▶ _Materials provided_:
══════════
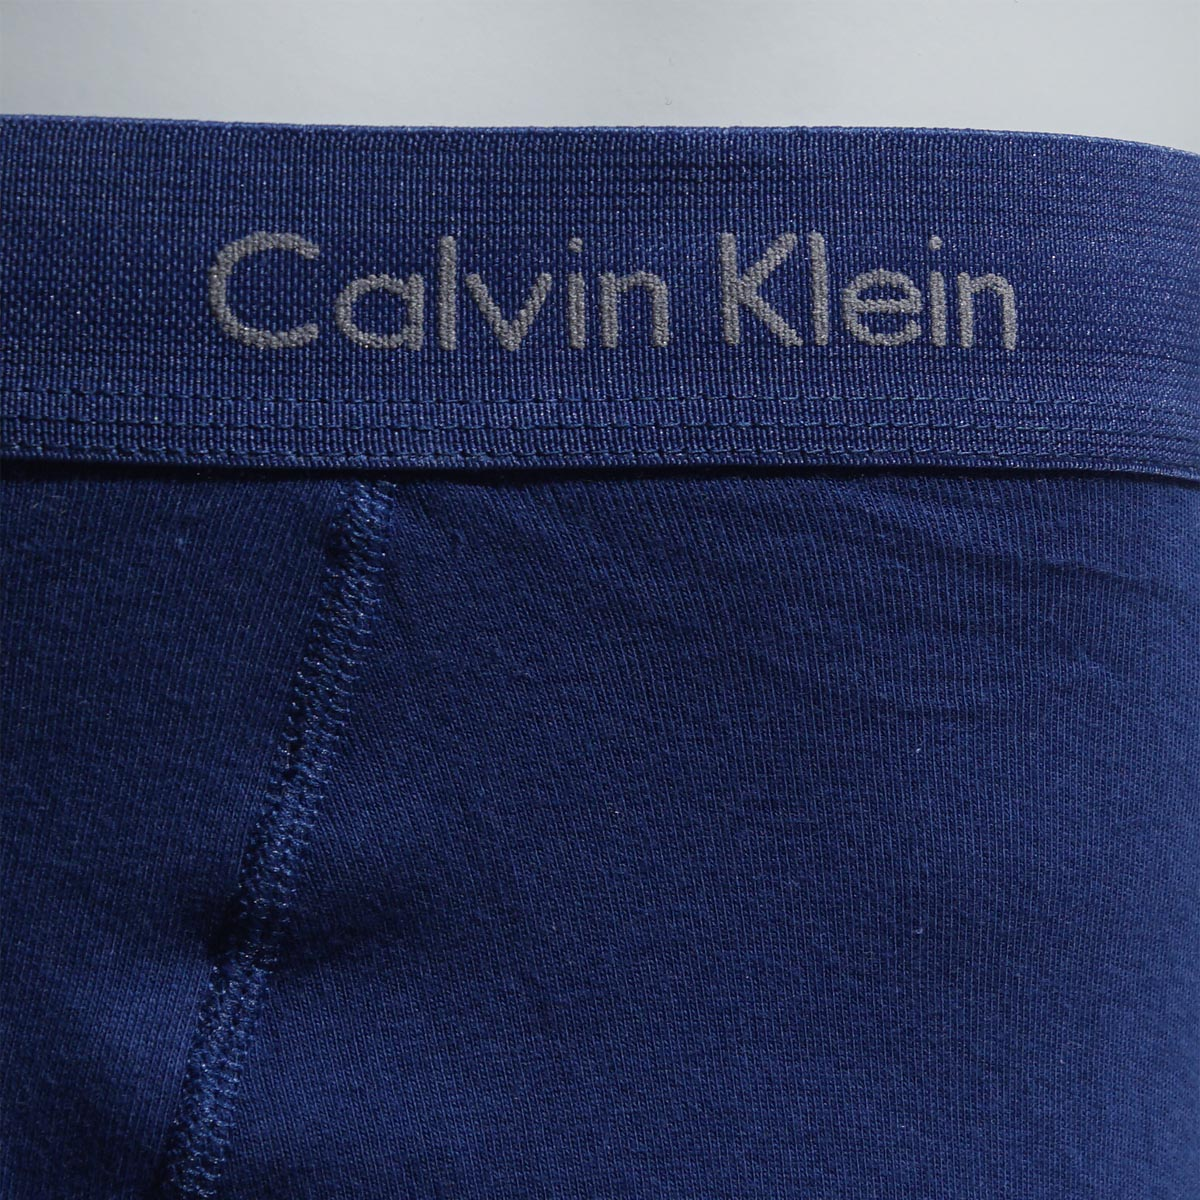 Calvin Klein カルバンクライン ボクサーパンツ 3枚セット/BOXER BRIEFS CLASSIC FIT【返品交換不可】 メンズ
══════════
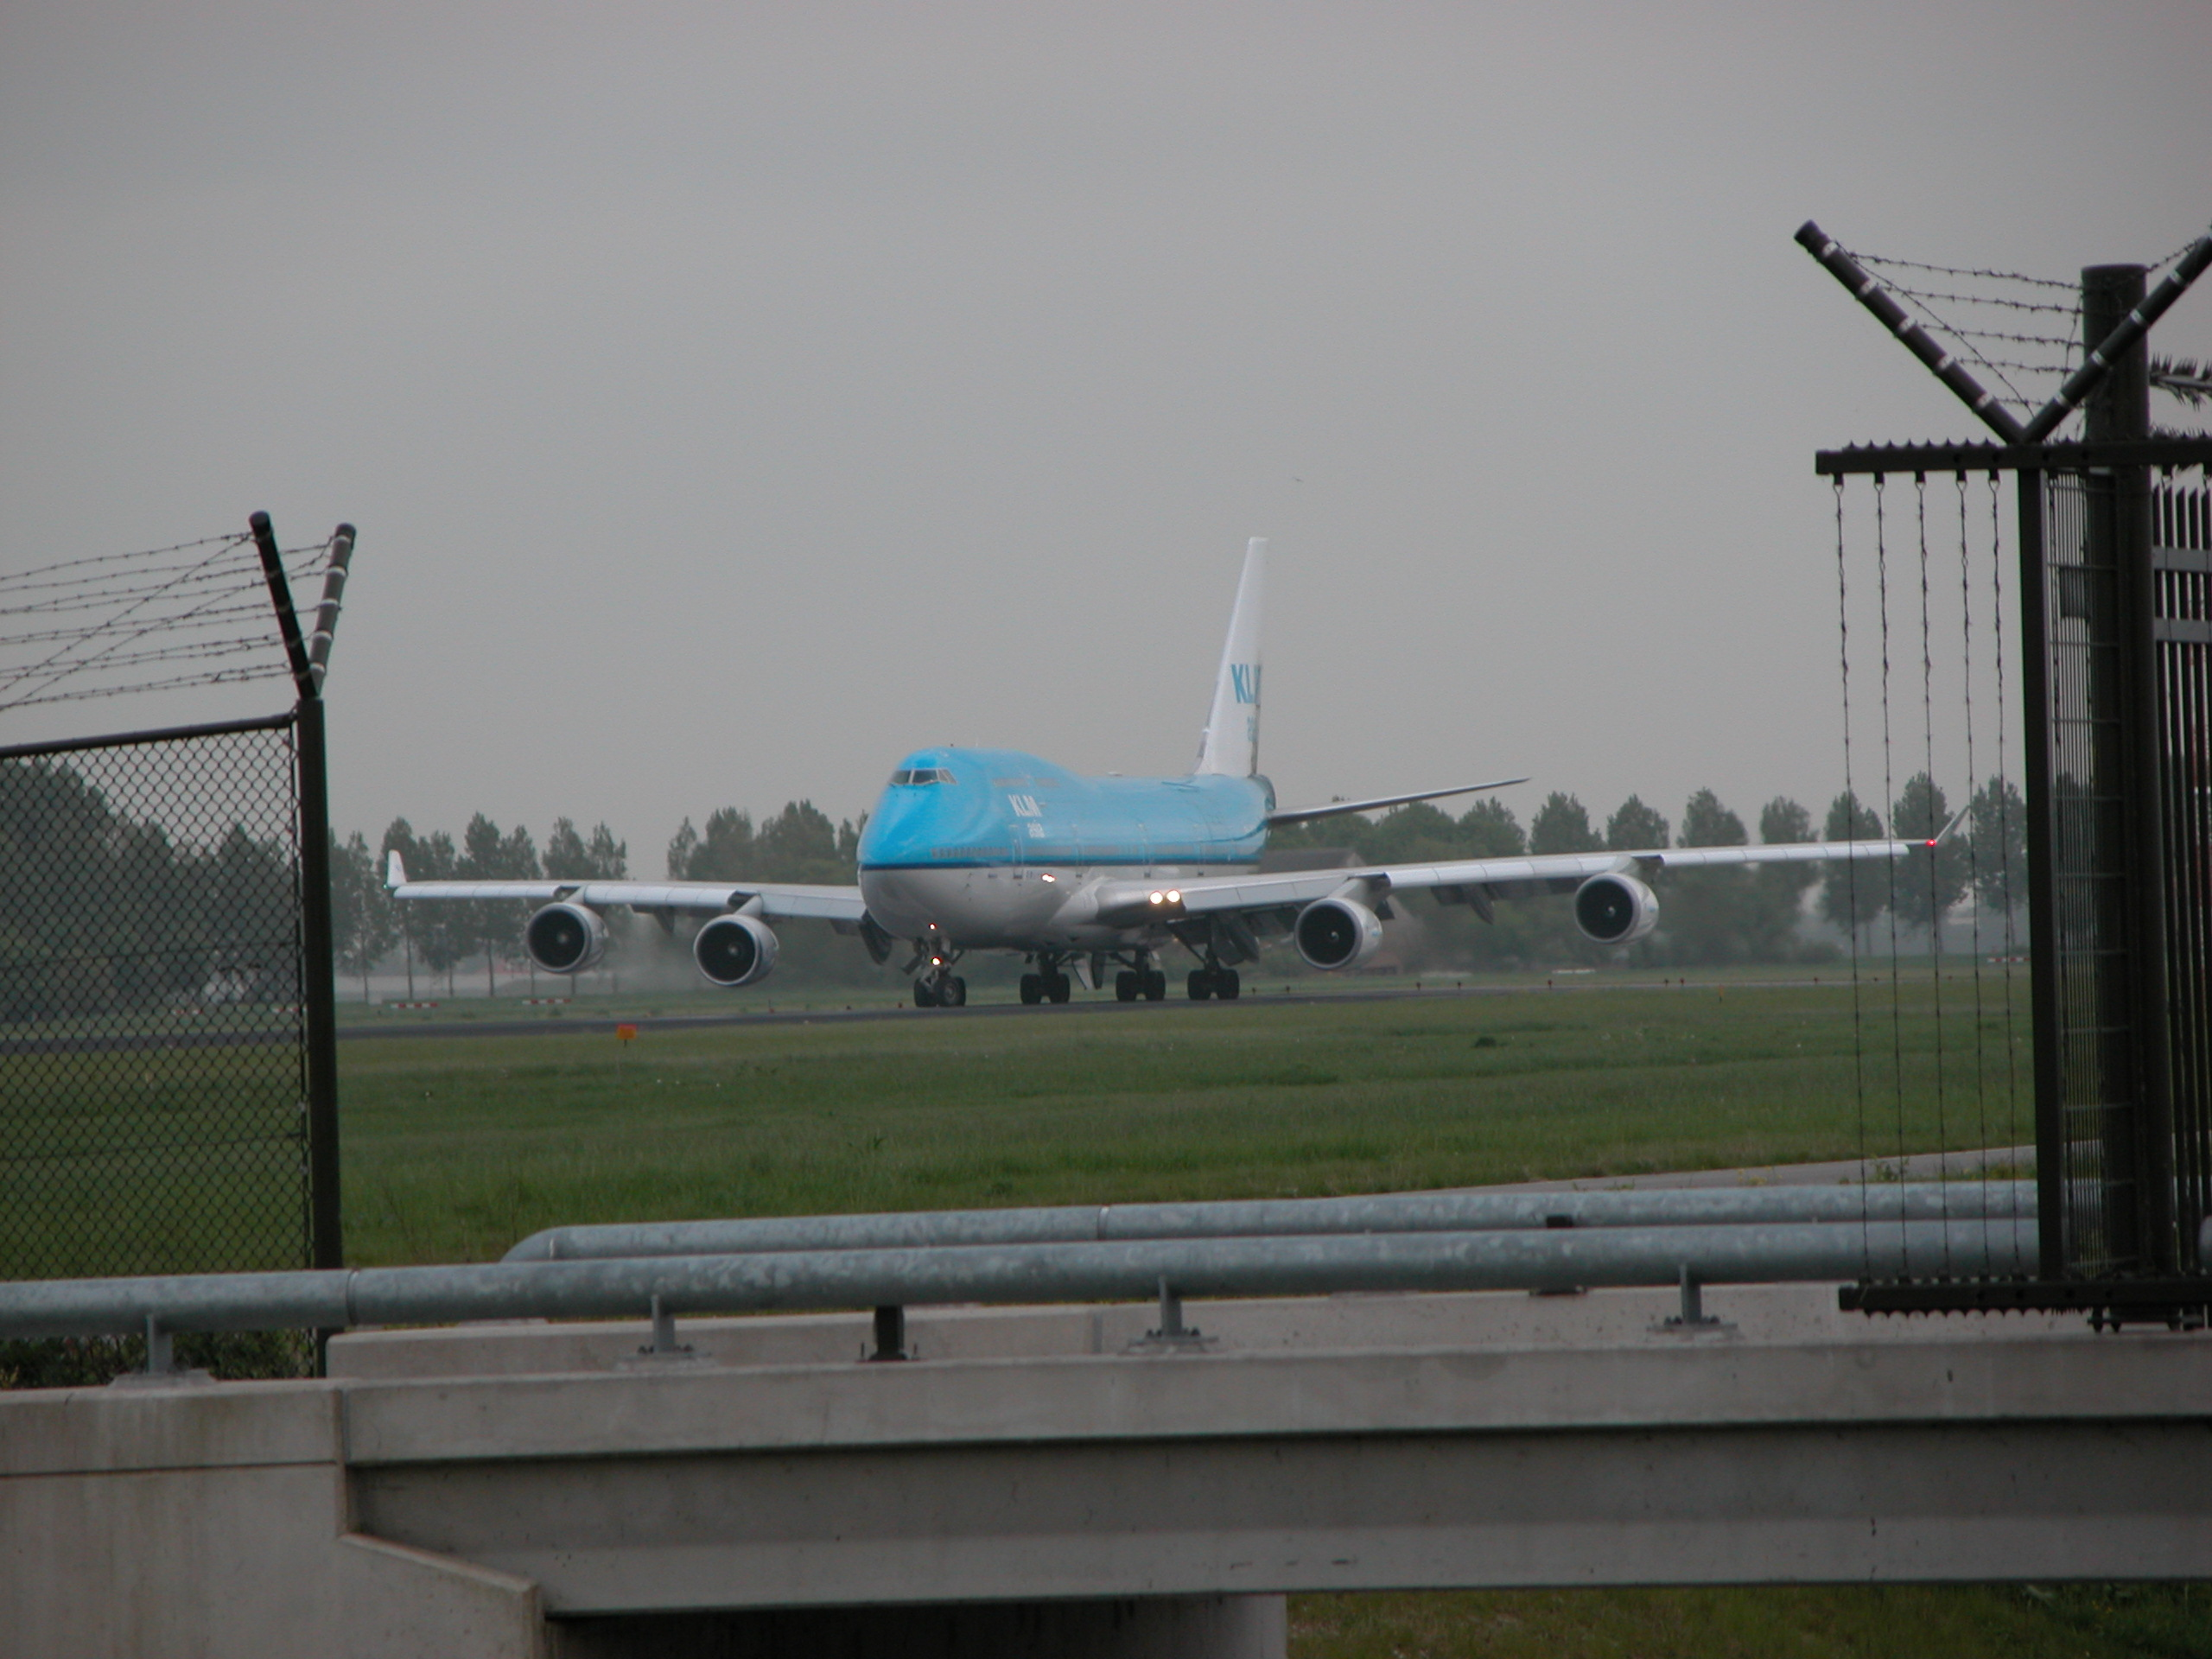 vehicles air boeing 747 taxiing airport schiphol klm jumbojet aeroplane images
══════════
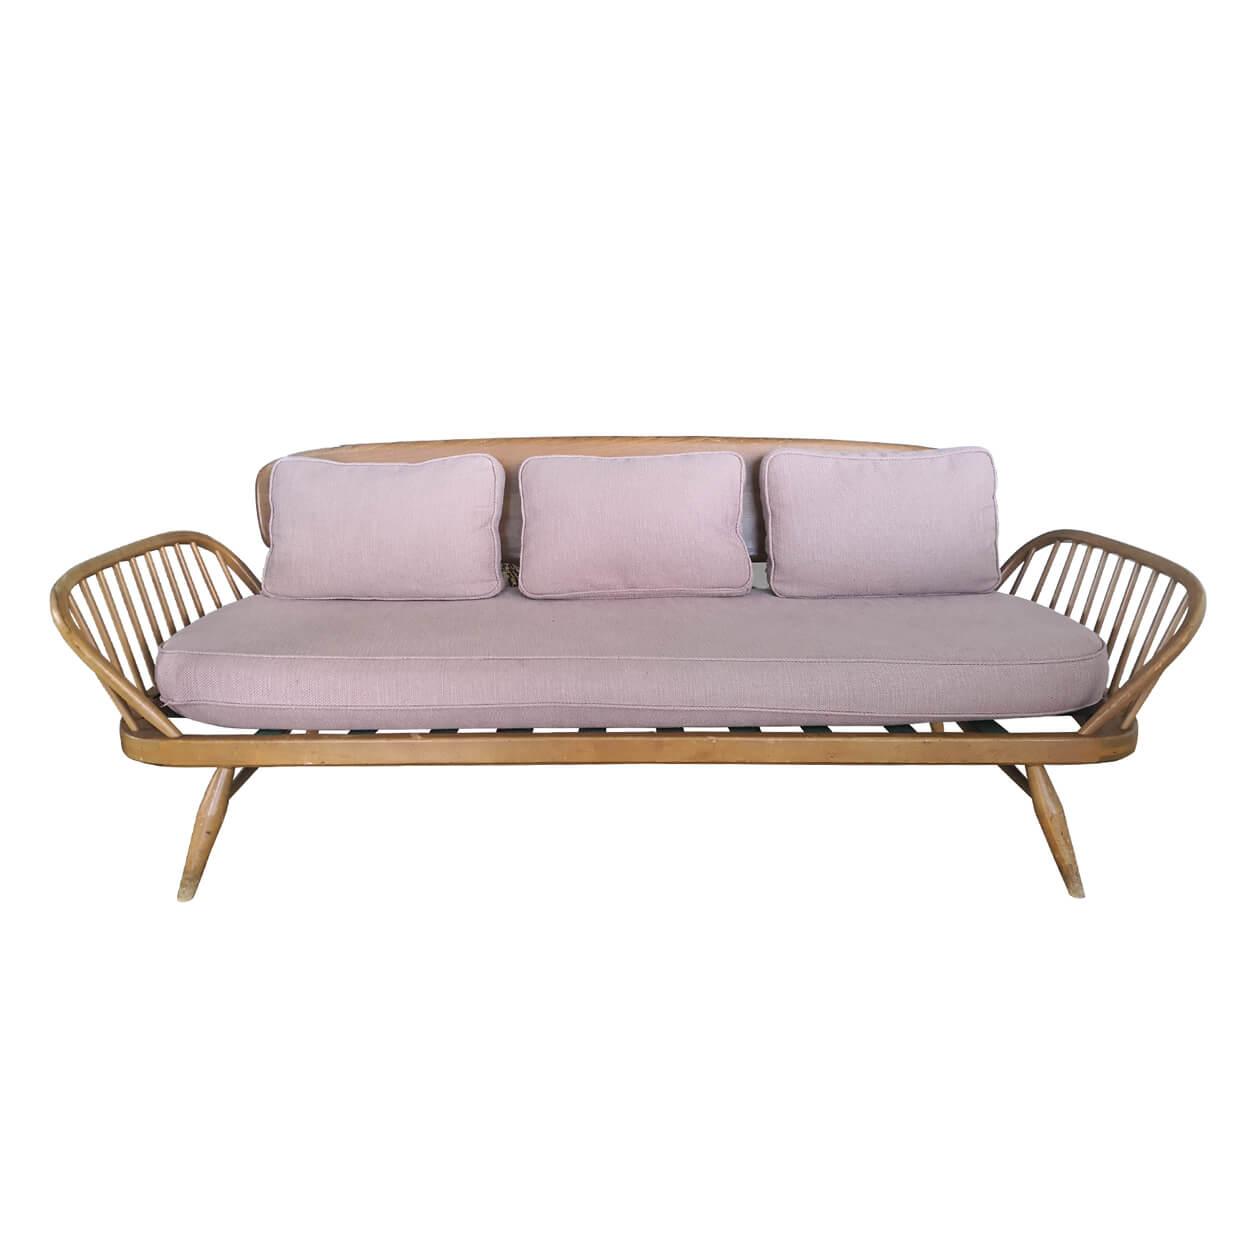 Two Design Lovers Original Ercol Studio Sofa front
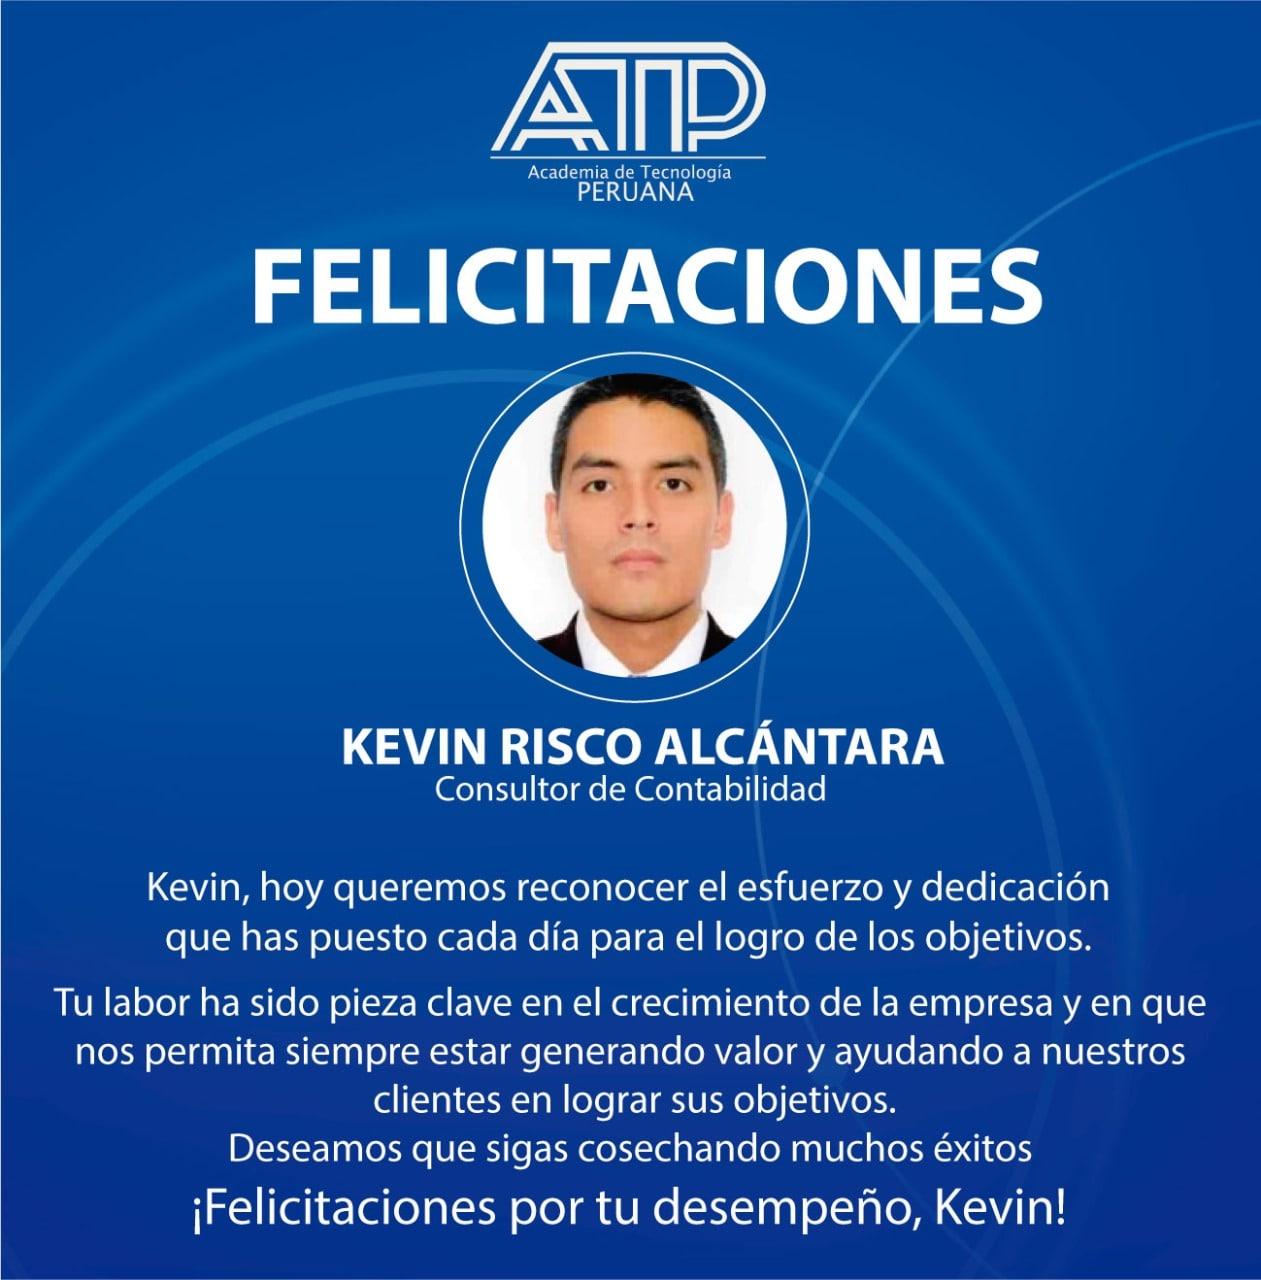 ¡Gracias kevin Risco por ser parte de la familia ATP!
══════════
▶ _Aim of the task_: Within these entries, output exactly the lines starting at the one with "Two Design Lovers" and finishing at the one with "la familia ATP!". Leave pictures out of the output.

▶ _Answer to the problem_:
 Two Design Lovers Original Ercol Studio Sofa front
 ¡Gracias kevin Risco por ser parte de la familia ATP!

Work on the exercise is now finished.